Content starts
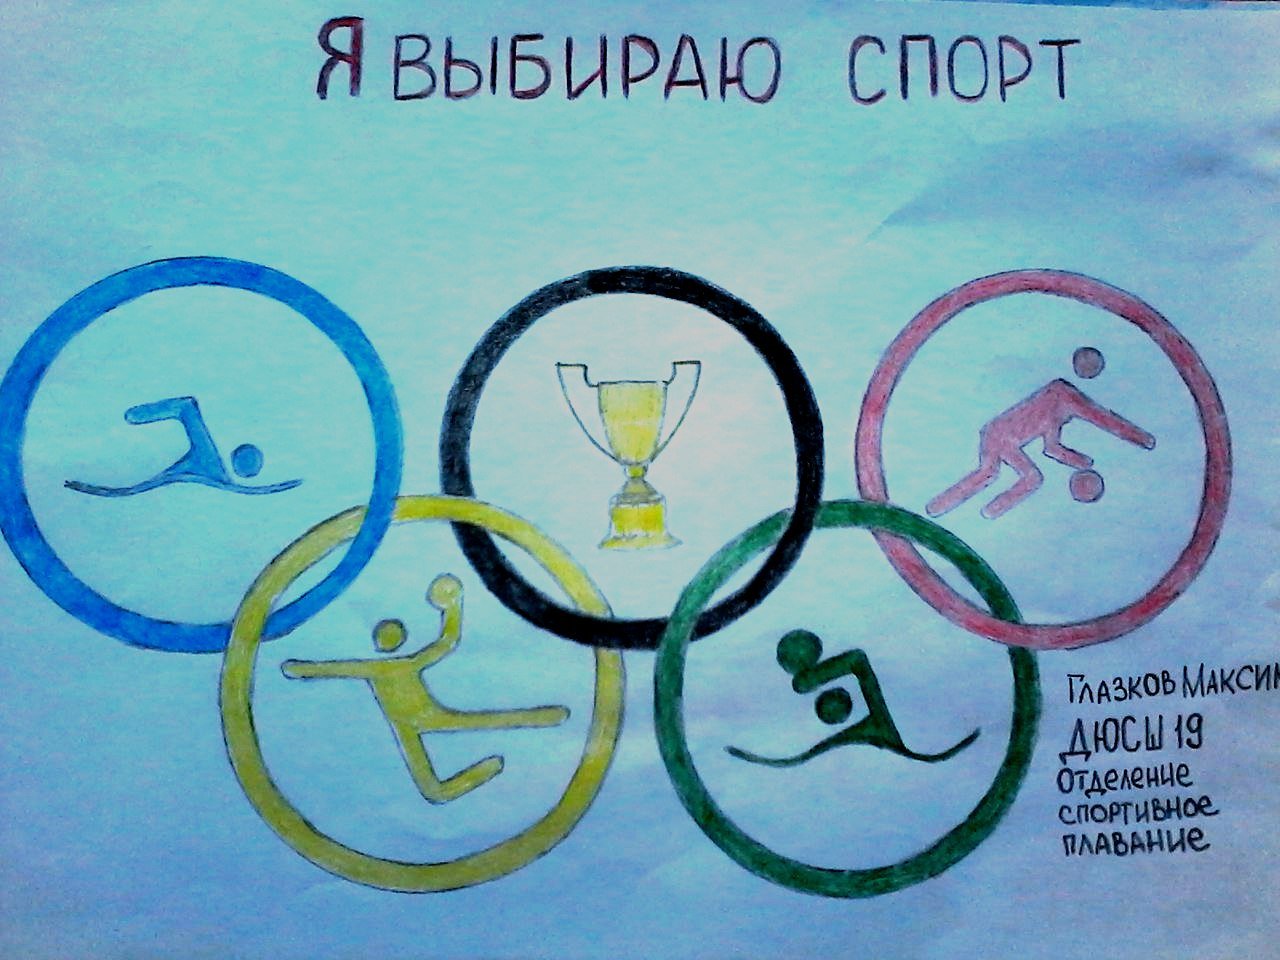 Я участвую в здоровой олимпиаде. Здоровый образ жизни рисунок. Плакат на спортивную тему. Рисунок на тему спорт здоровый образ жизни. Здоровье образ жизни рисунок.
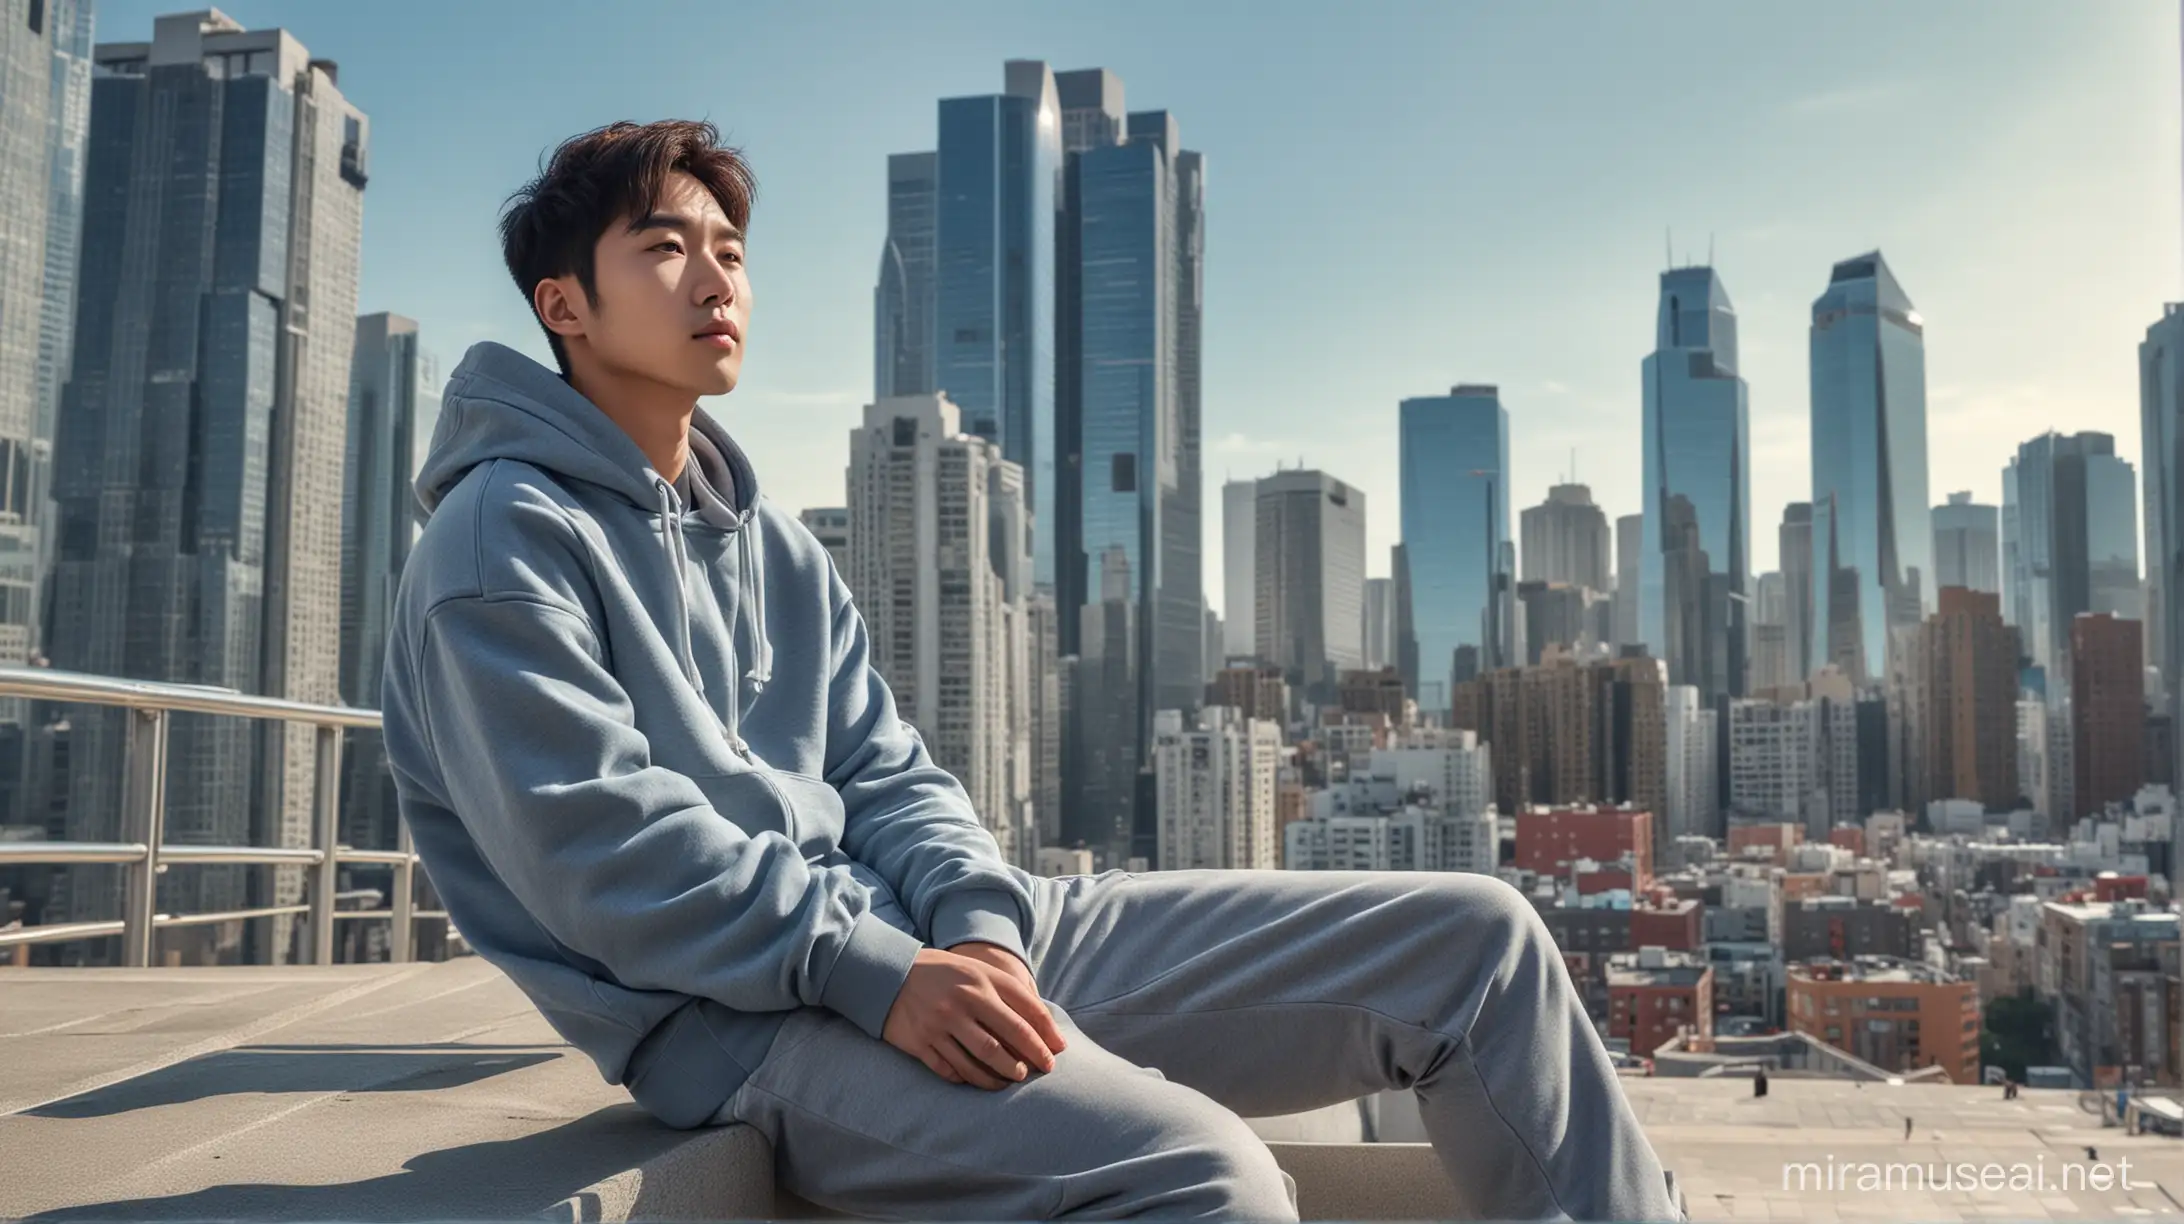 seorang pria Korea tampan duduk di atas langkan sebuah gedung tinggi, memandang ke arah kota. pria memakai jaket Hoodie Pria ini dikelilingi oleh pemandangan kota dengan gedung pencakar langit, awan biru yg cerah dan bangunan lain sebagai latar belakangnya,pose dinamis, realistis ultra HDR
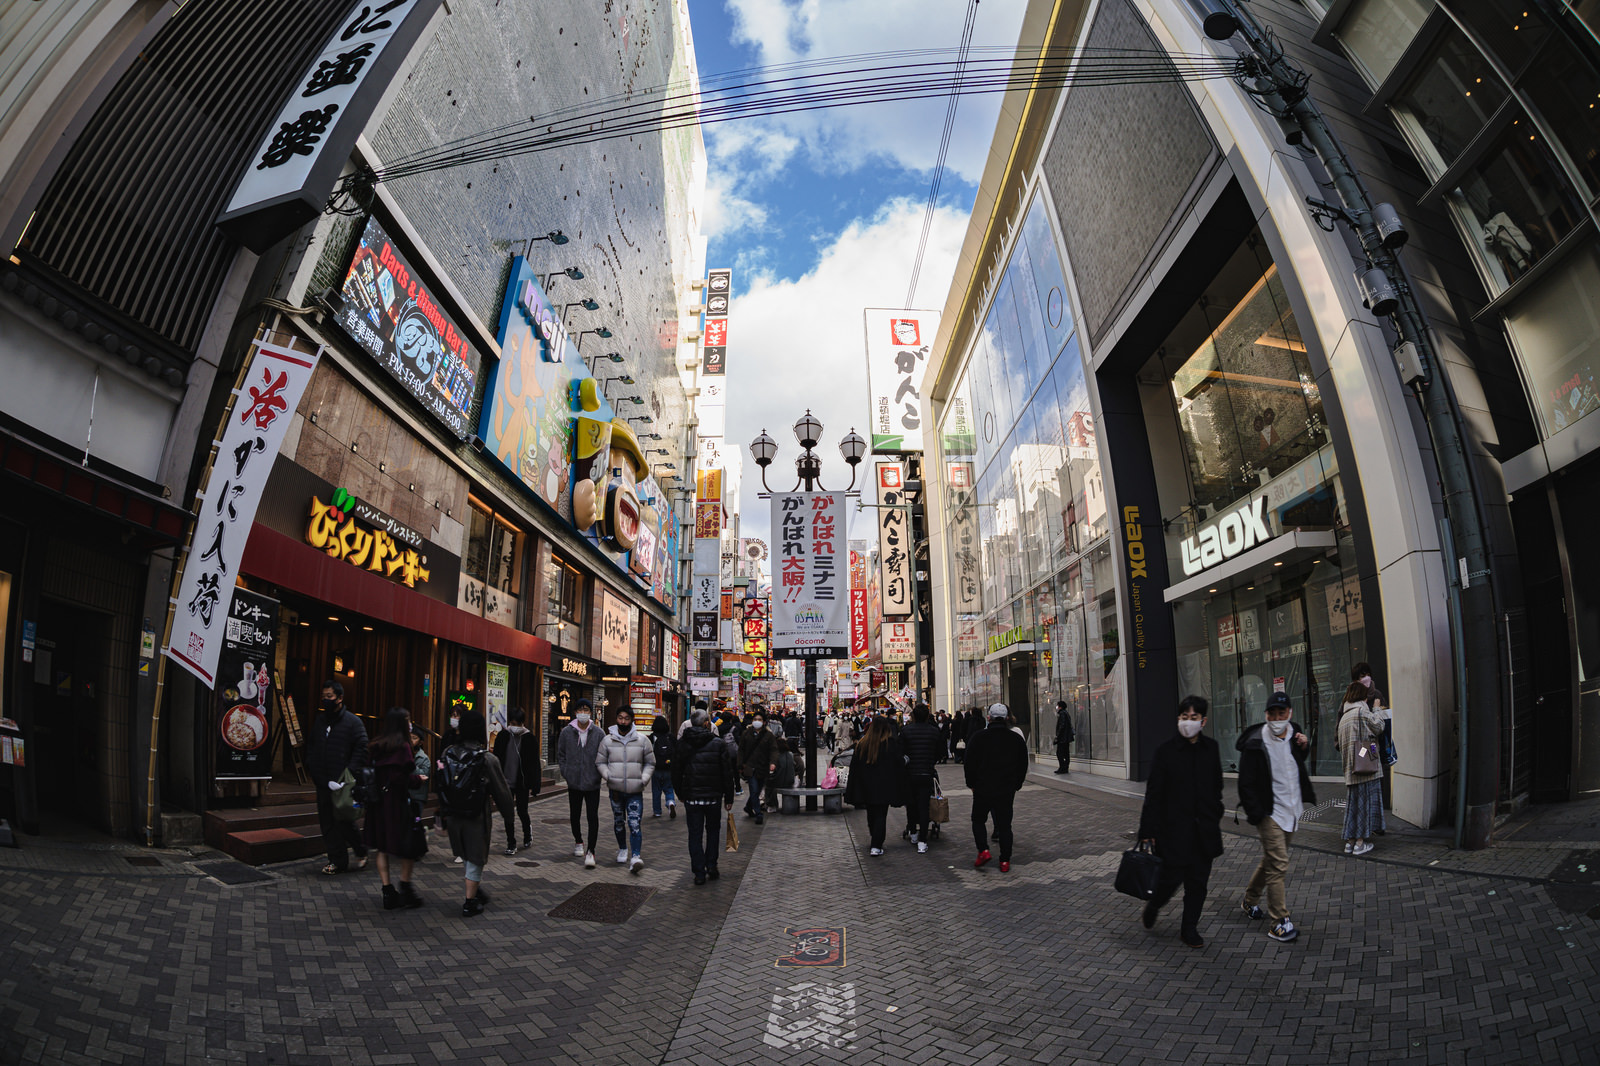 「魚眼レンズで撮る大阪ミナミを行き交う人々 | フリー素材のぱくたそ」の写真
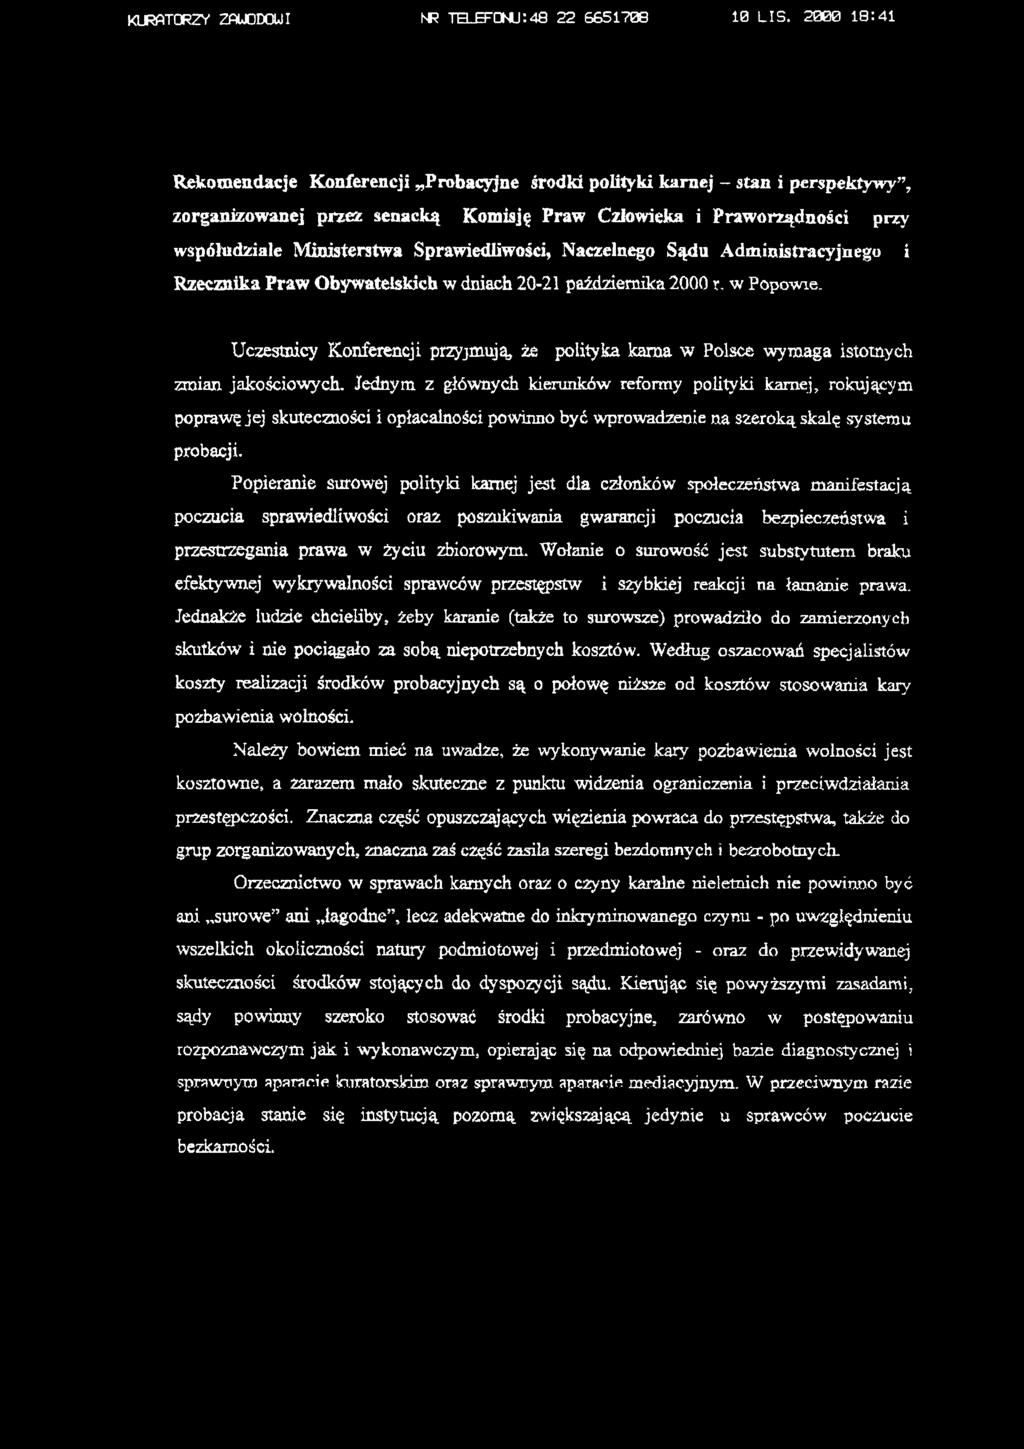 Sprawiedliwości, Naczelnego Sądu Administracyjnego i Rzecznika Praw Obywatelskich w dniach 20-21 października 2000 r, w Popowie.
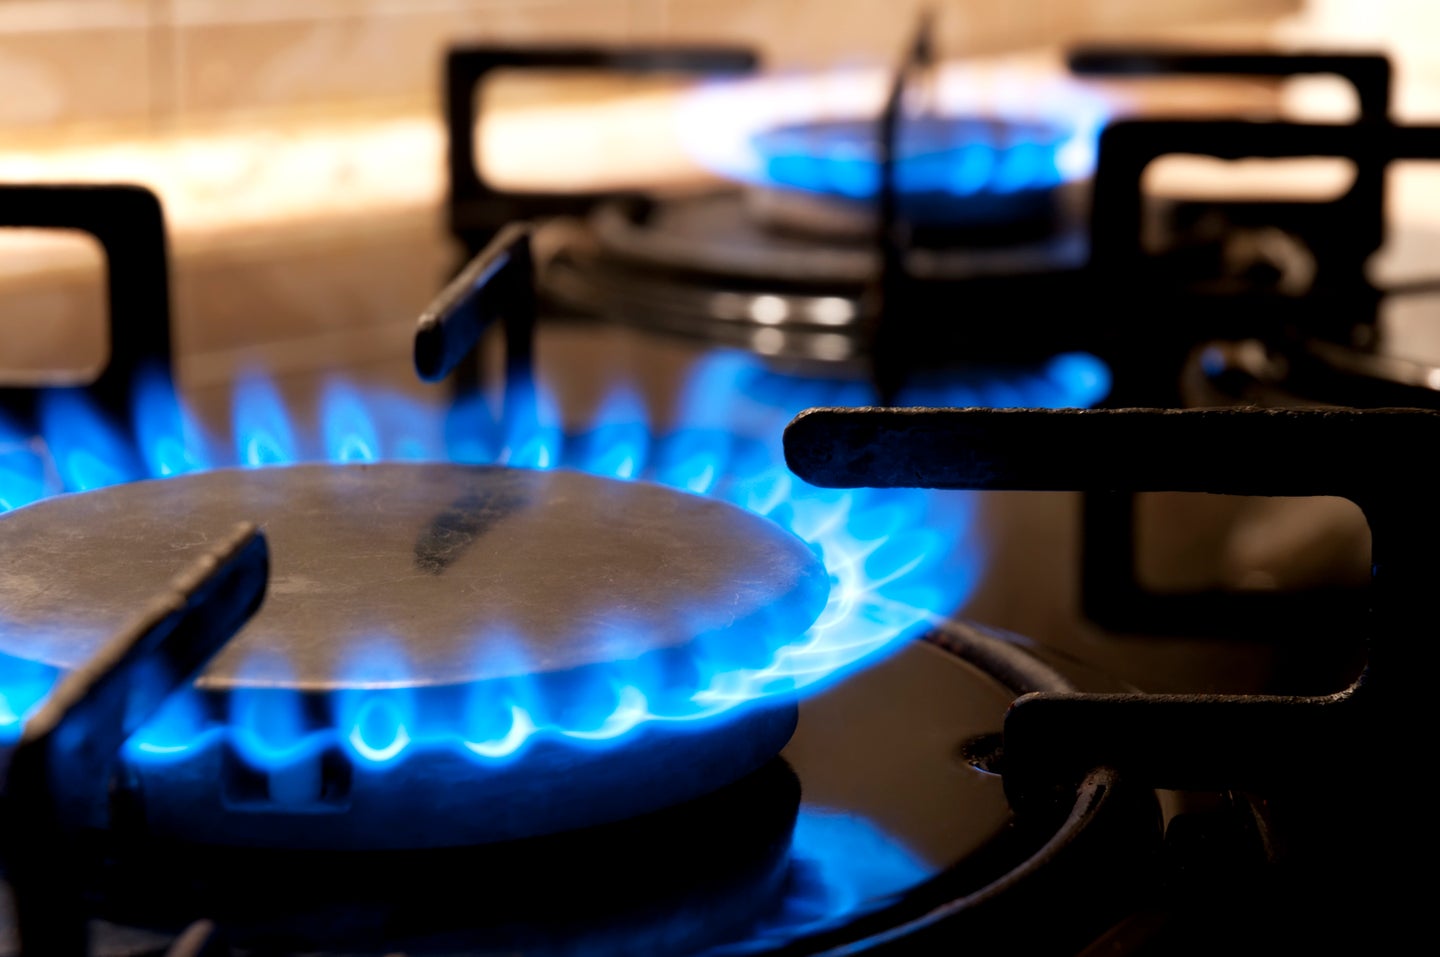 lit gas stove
Content ends
Leave out all pictures and retype precisely the lines that run from the line containing "Sprawiedliwości, Naczelnego Sądu" to the last line of the records.

■ Task answer
 Sprawiedliwości, Naczelnego Sądu Administracyjnego i Rzecznika Praw Obywatelskich w dniach 20-21 października 2000 r, w Popowie.
 lit gas stove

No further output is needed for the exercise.